Following their assassination, activists from the Latin American and Caribbean Feminist Encuenctros joined forces to combat and raise awareness for gender-based violence.

In South Africa, 25 November marks the start of the 16 Days of Activism for No Violence against Women and Children campaign, which runs until 10 December.

Why violence against women must be eliminated

According to the United Nations, violence against women and girls is one of “the most widespread, persistent and devastating human rights violations in our world today”.

Unfortunately, it remains largely unreported due to the “impunity, silence, stigma and the shame” surrounding gender-based violence; which can manifest itself in physical, sexual or psychological forms.

“As a UN Women Goodwill Ambassador, I know that we all have a role to play. The 16 days campaign is a moment for the world to come together and take action. I urge you to join the campaign this year to stand against rape and be a part of the efforts to end all forms of violence against women.”

Examples of violence against women and children

It can take the form of intimate partner violence, which includes not only physical harm such as battering, rape and murder, but also psychological abuse.

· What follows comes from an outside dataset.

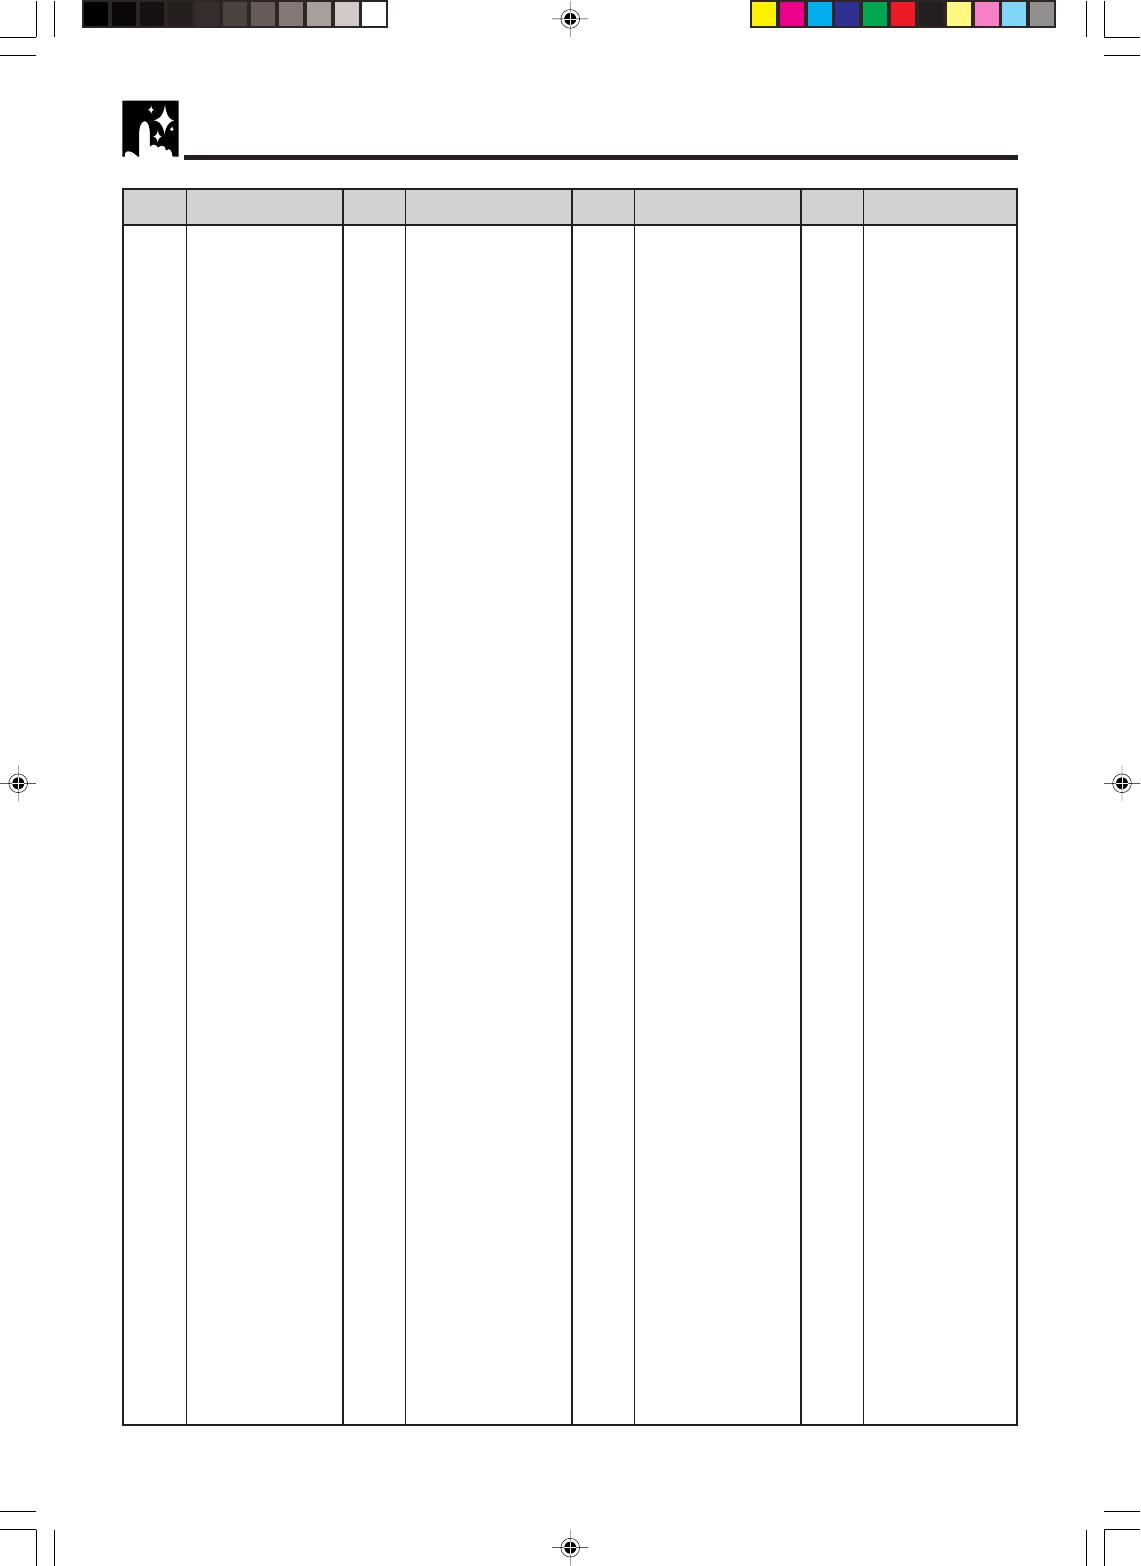 Handleiding Sharp dv nc 65 (pagina 55 van 102) (English)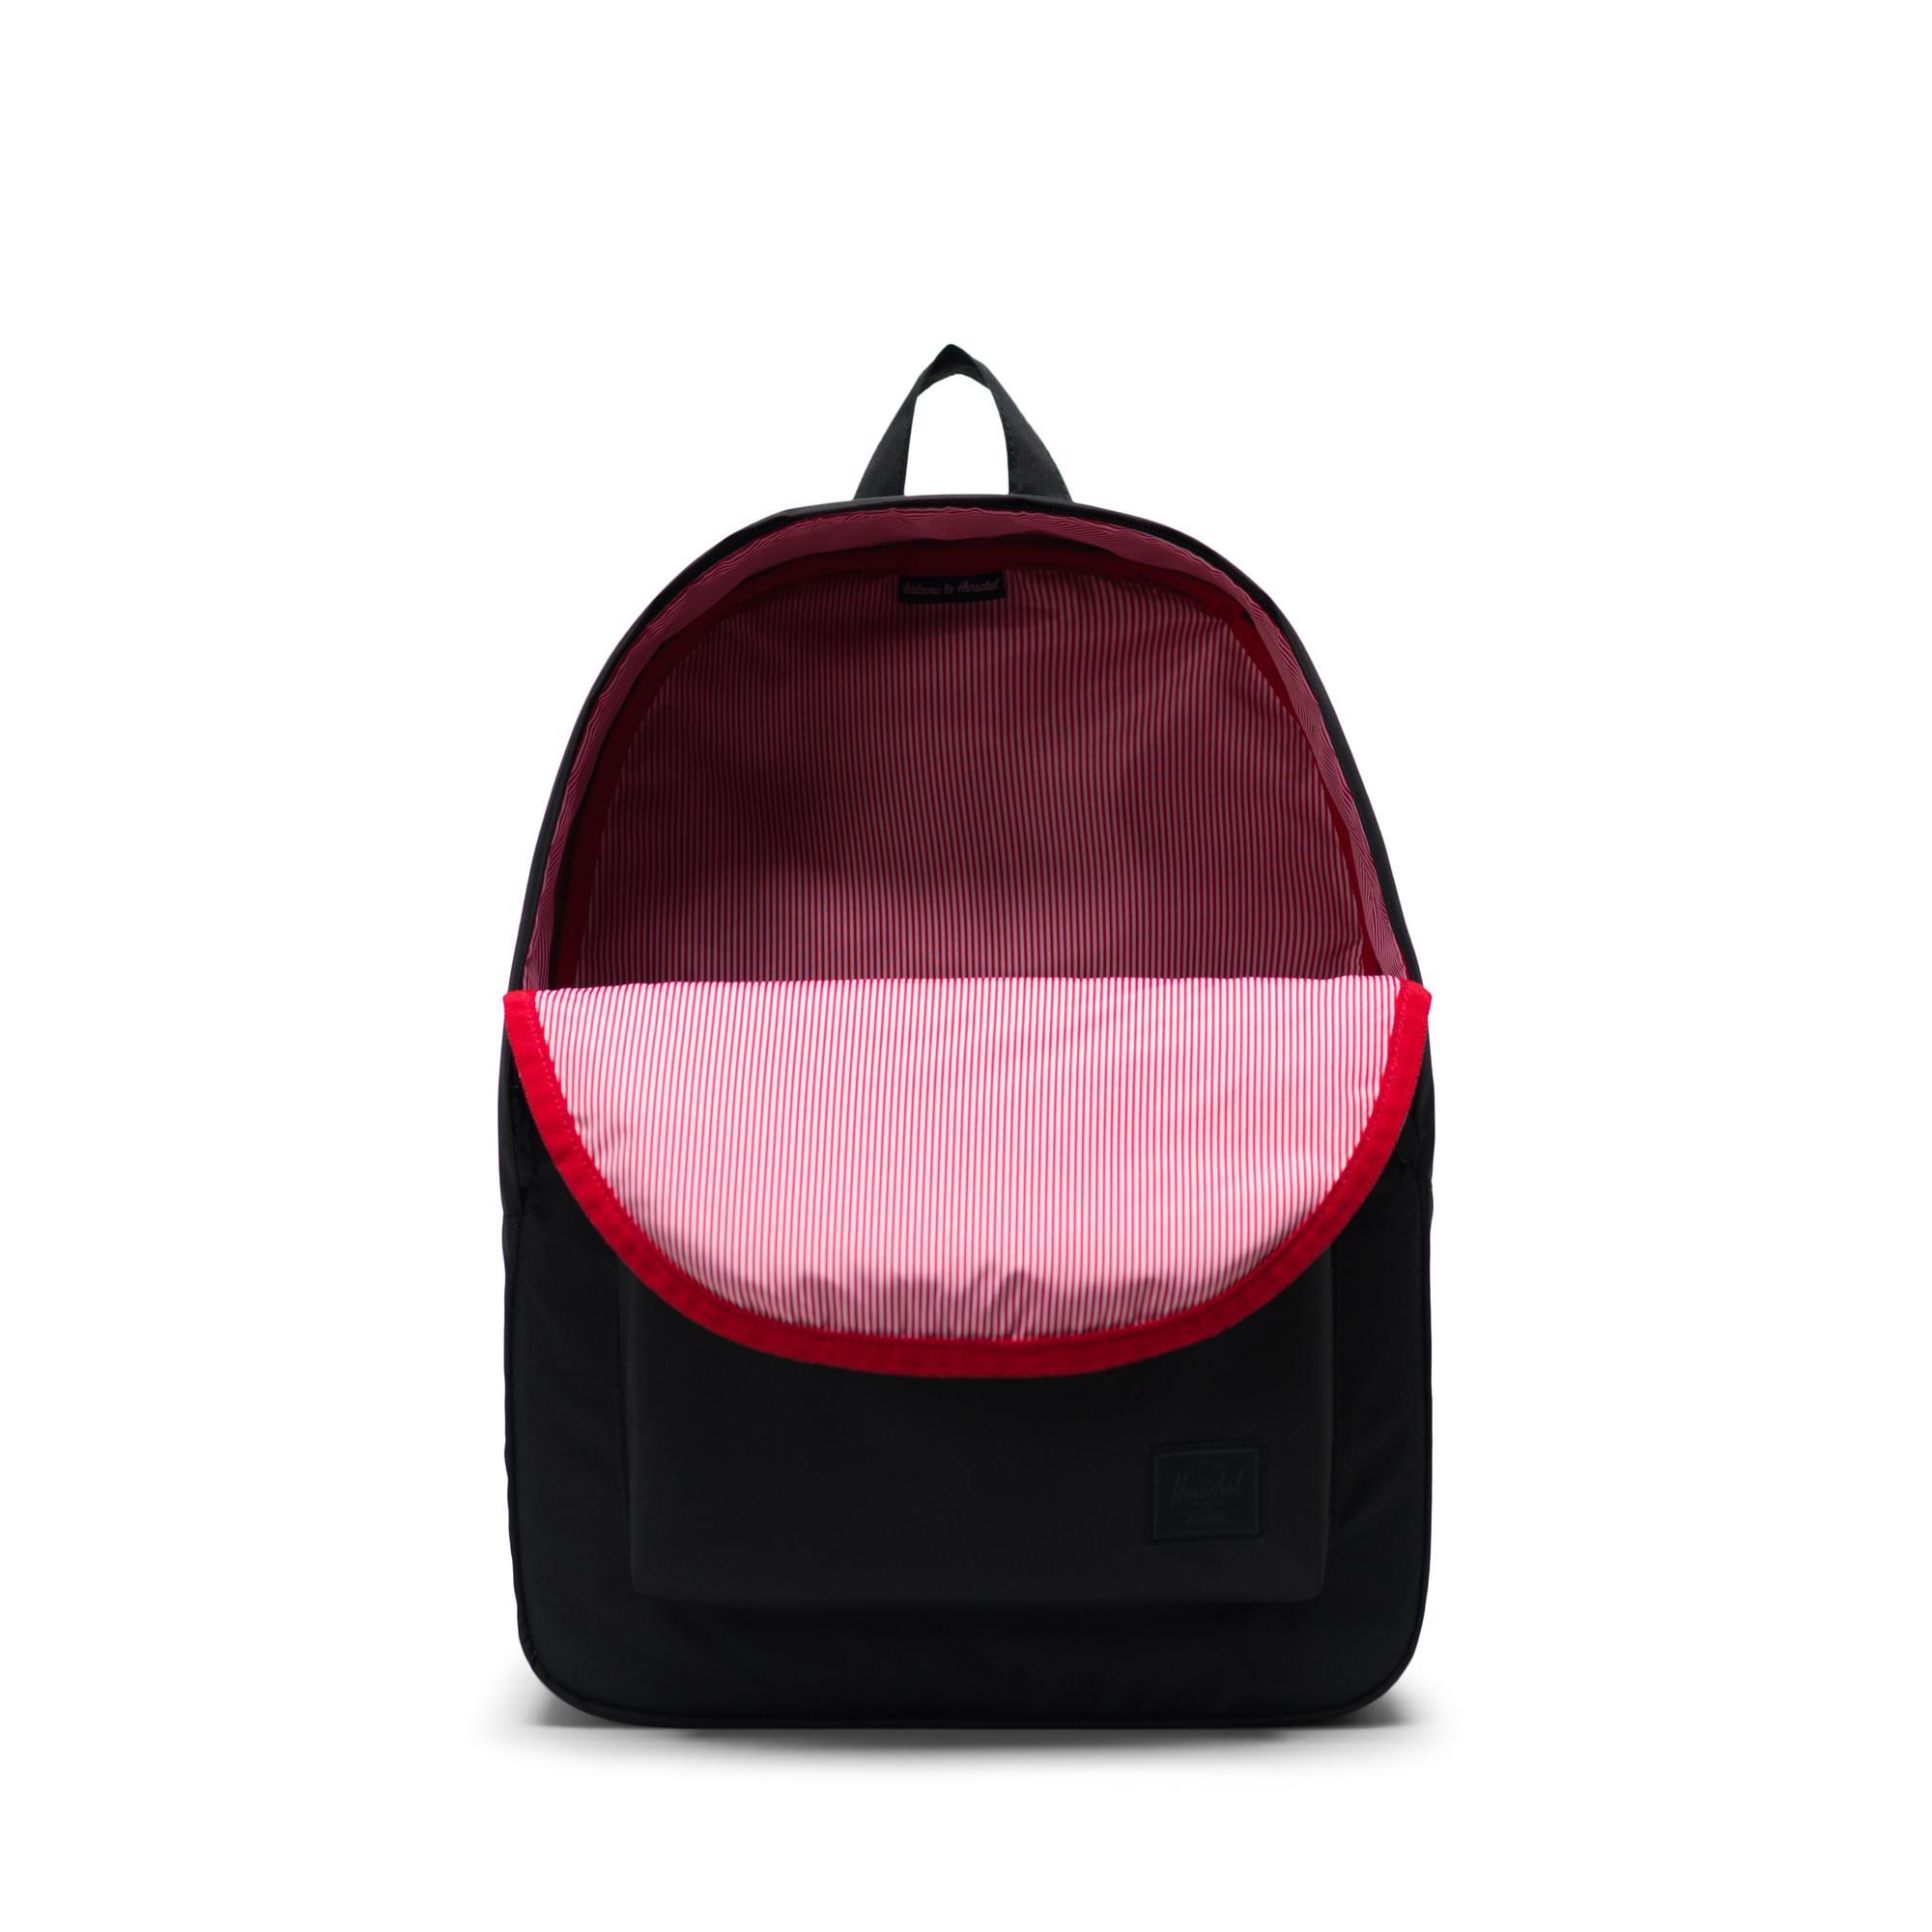 64d99cc7e2 Classic Backpack Light | Herschel Supply Company

A common form of violence in the family unit is marital rape. Most cases won’t be reported due to the belief that marital rape isn’t “really” rape.

South Africa saw a landmark case in 2013, when the first South African citizen, Frederik Bossert, to be convicted of raping his wife was sentenced to 12 years in prison for rape, assault and damage to property.

Other forms of violence outside of the family unit include sexual violence and harassment – such as rape, forced sexual acts, unwanted sexual advances, child sexual abuse, forced marriage, street harassment, stalking and cyber- harassment.

It also includes more extreme cases, such as human trafficking, slavery, sexual exploitation, female genital mutilation and forcing children into marriage.

The adverse psychological, sexual and reproductive health consequences of gender-based violence affect women at all stages of their life.

For children, it could represent an obstacle to the right to education for girls or restricting access to higher education for older students. It could also translate into limited opportunities for women in the labour market.

Who are at risk?

Gender-based violence can happen to anyone, although certain sectors of the population are more at risk than others. These include young girls, older women, and women who identify as lesbian, bisexual, intersex and transgender.

In addition, migrants, refugees, and women who belong to ethnic minorities are also at risk, as well as women who live with HIV and disabilities.